Ne voyant pas paraître Fiorinda, Beaurevers comprit que Catherine n’avait pas tenu compte de ses menaces et avait agi.
Il revint dans le couloir et durant des heures, avec une patience que rien ne rebutait, il chercha la trappe et le bouton qui permettait de l’ouvrir. Il ne trouva rien.
La nuit vint. Ce ne fut que lorsqu’il n’y vit plus du tout qu’il se résigna à lâcher pied.
Il rentra chez lui. Là seulement il sentit qu’il mourait de faim. Ce qui était assez naturel puisqu’il avait oublié de déjeuner et de dîner. Il mangea un morceau à la hâte et se jeta rageusement sur son lit. Il était de nouveau furieux contre lui-même. Il avait pourtant fait tout ce qu’il avait pu.
Le lendemain matin, dès que la chose fut décemment possible, il faisait demander audience à Catherine.
Elle se douta bien de ce qui l’amenait.
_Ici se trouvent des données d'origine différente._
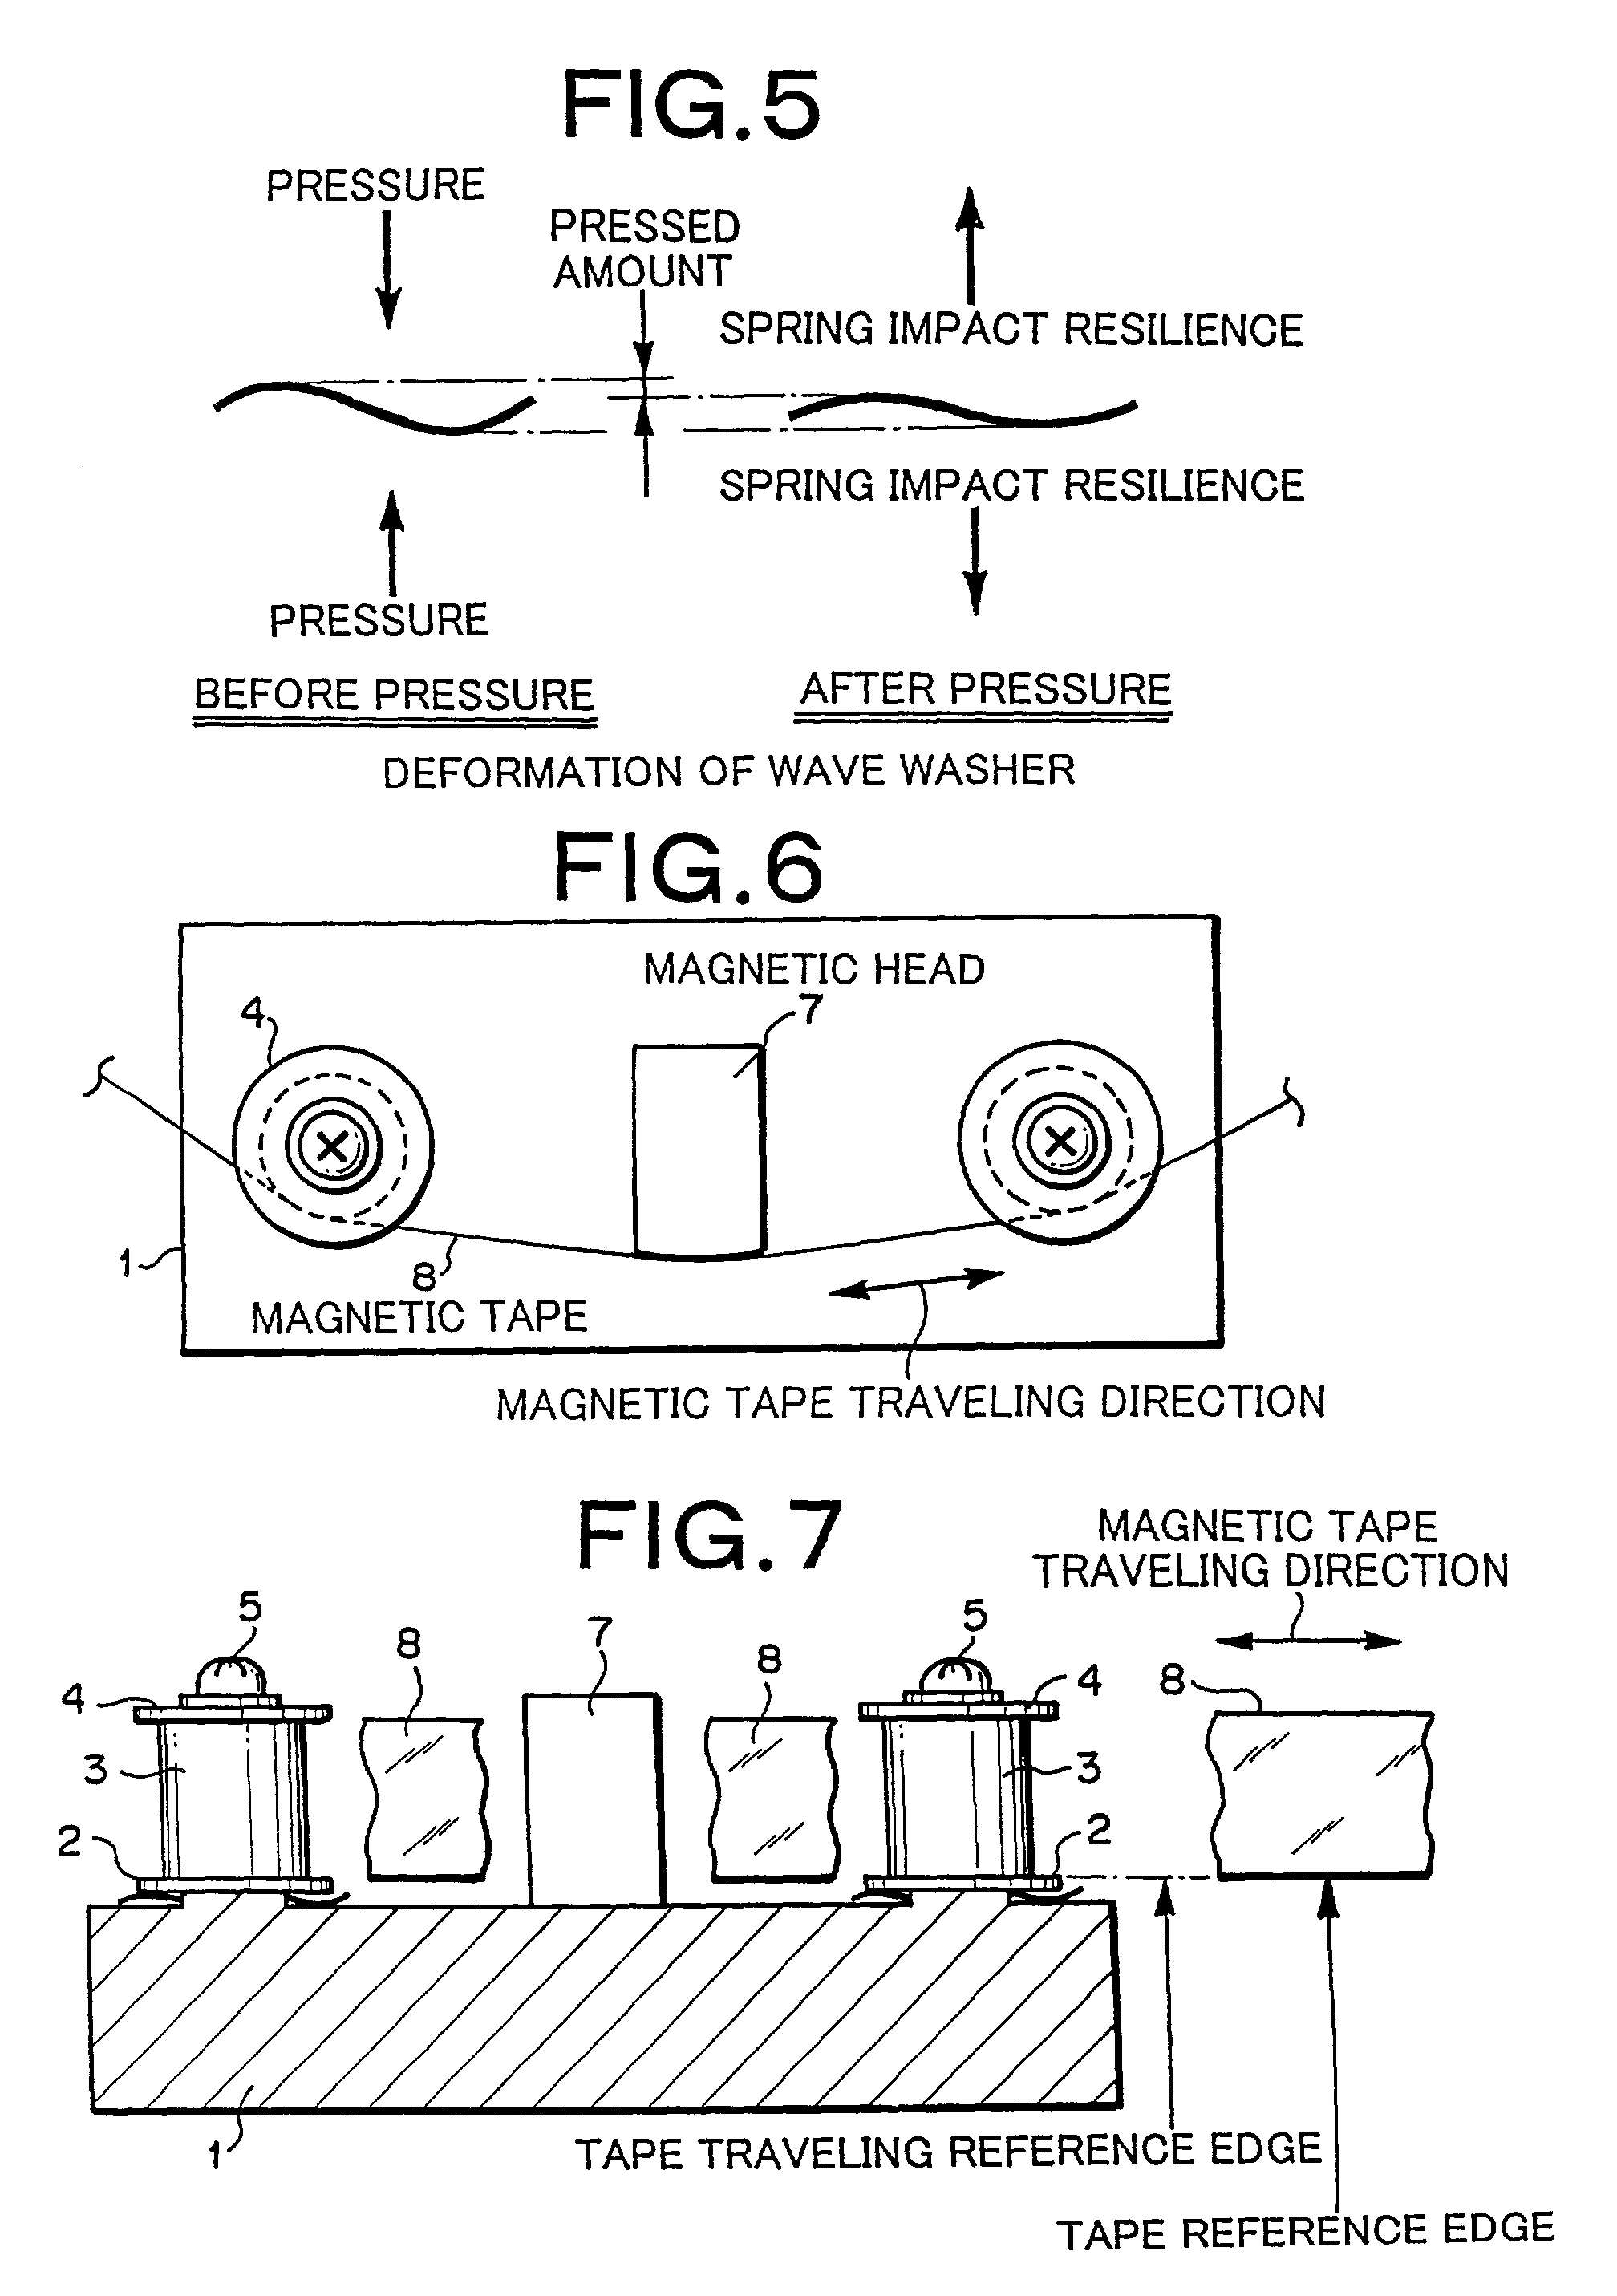 Mechanism for restricting lateral position of tape traveling in longitudinal direction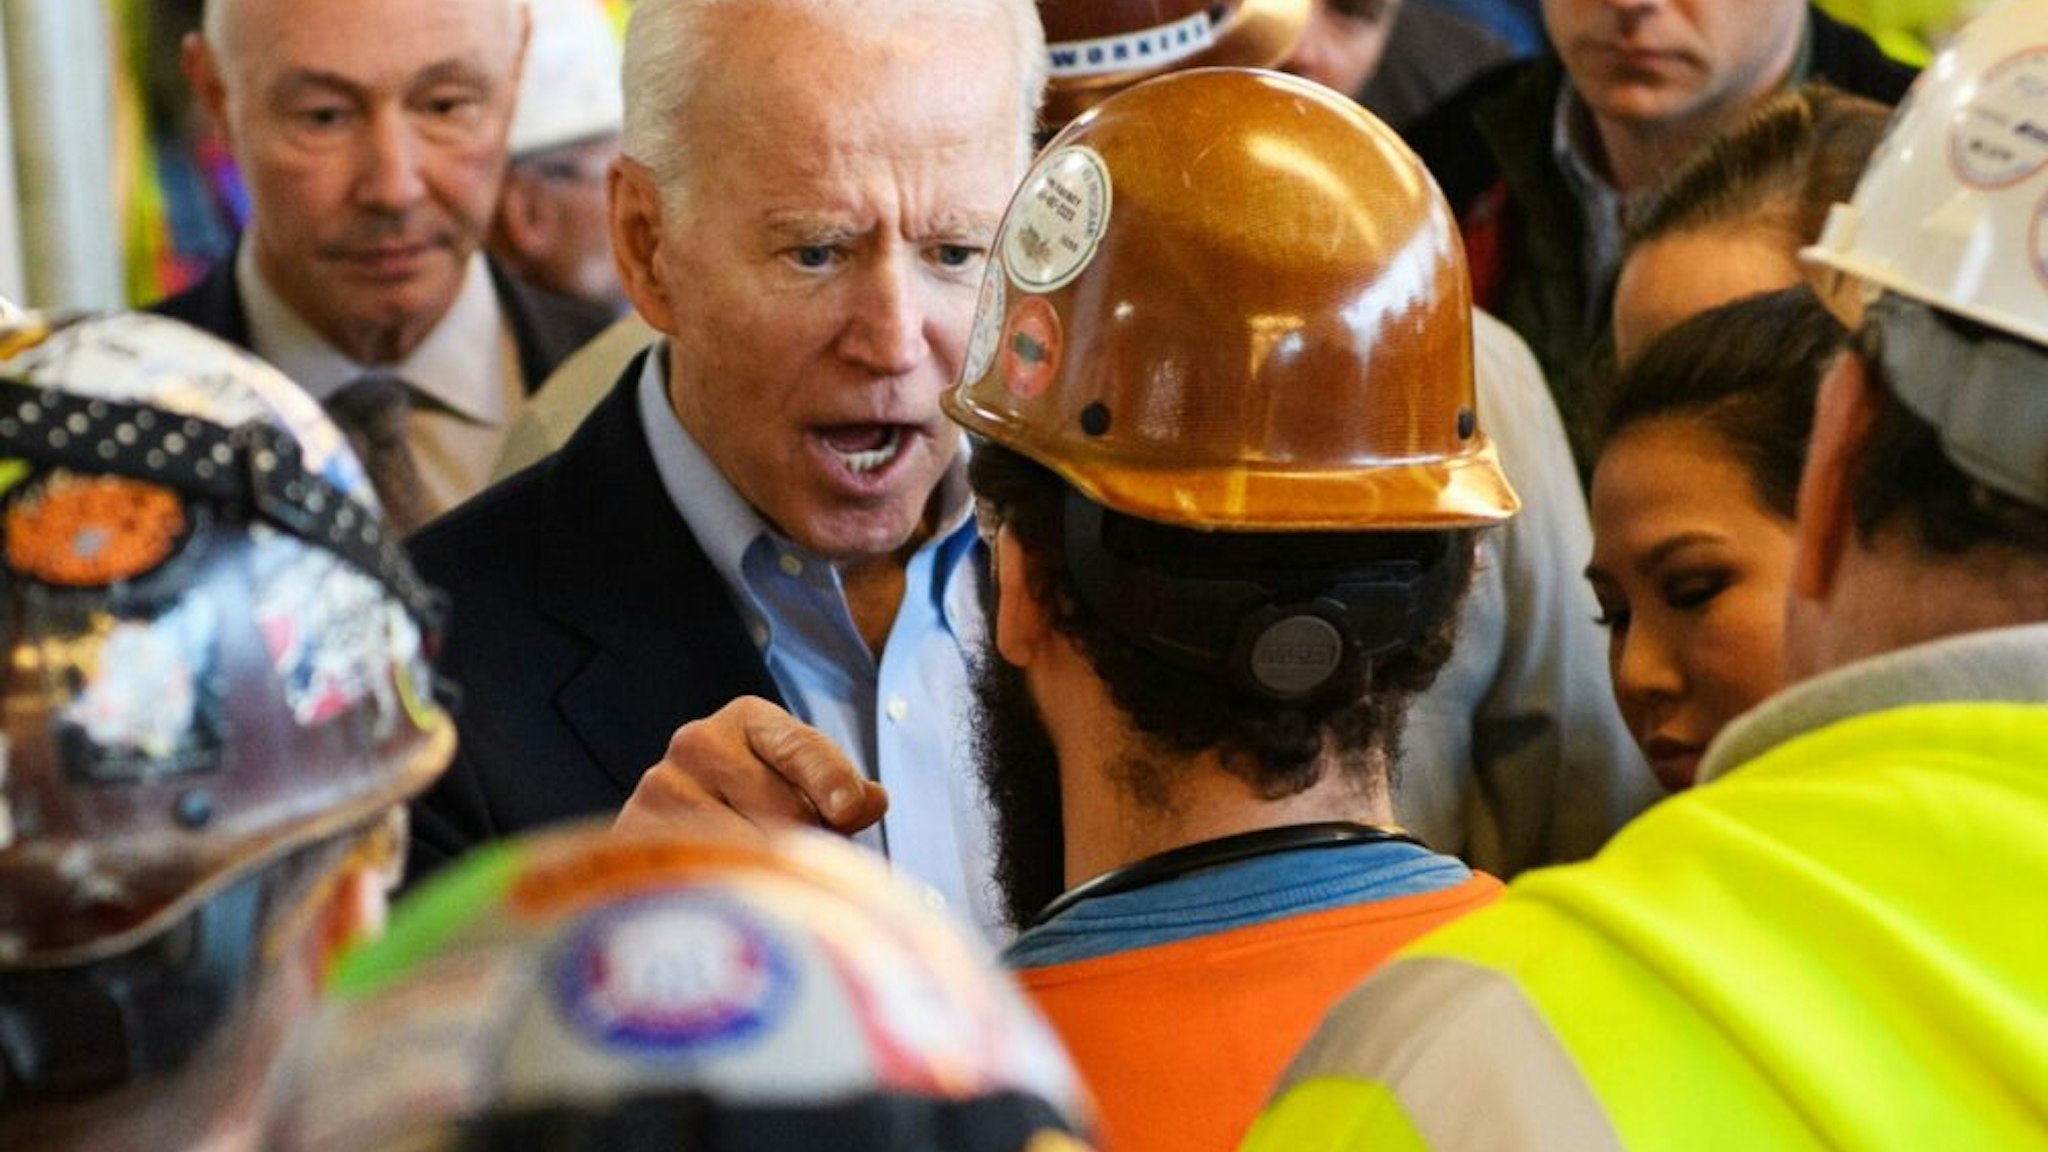 Democratic presidential candidate Joe Biden has heated exchange meets workers and discusses gun rights as he tours the Fiat Chrysler plant in Detroit, Michigan on March 10, 2020. - Biden opened primary day meeting workers at an under-construction automobile plant in Detroit, where he received cheers but also was confronted by one worker. In an exchange avidly shared online by Trump supporters, the worker, wearing a construction helmet and reflective vest, accused Biden of seeking to weaken the constitutional right to own firearms. "You're full of shit," Biden shot back. "I support the Second Amendment." When the worker pressed the issue, Biden, visibly agitated and with a raised voice, said "I'm not taking your gun away," adding, "Gimme a break, man." (Photo by MANDEL NGAN / AFP)

Elle n’hésita pas à le recevoir et lui fit même un accueil gracieux.
Beaurevers alla droit au but.
« Il paraît que la trappe s’est ouverte quand même, dit-il.
– C’est vrai, dit froidement Catherine, la trappe s’est ouverte.
– J’espère que cette enfant n’est pas morte ! » dit Beaurevers que l’angoisse étreignait.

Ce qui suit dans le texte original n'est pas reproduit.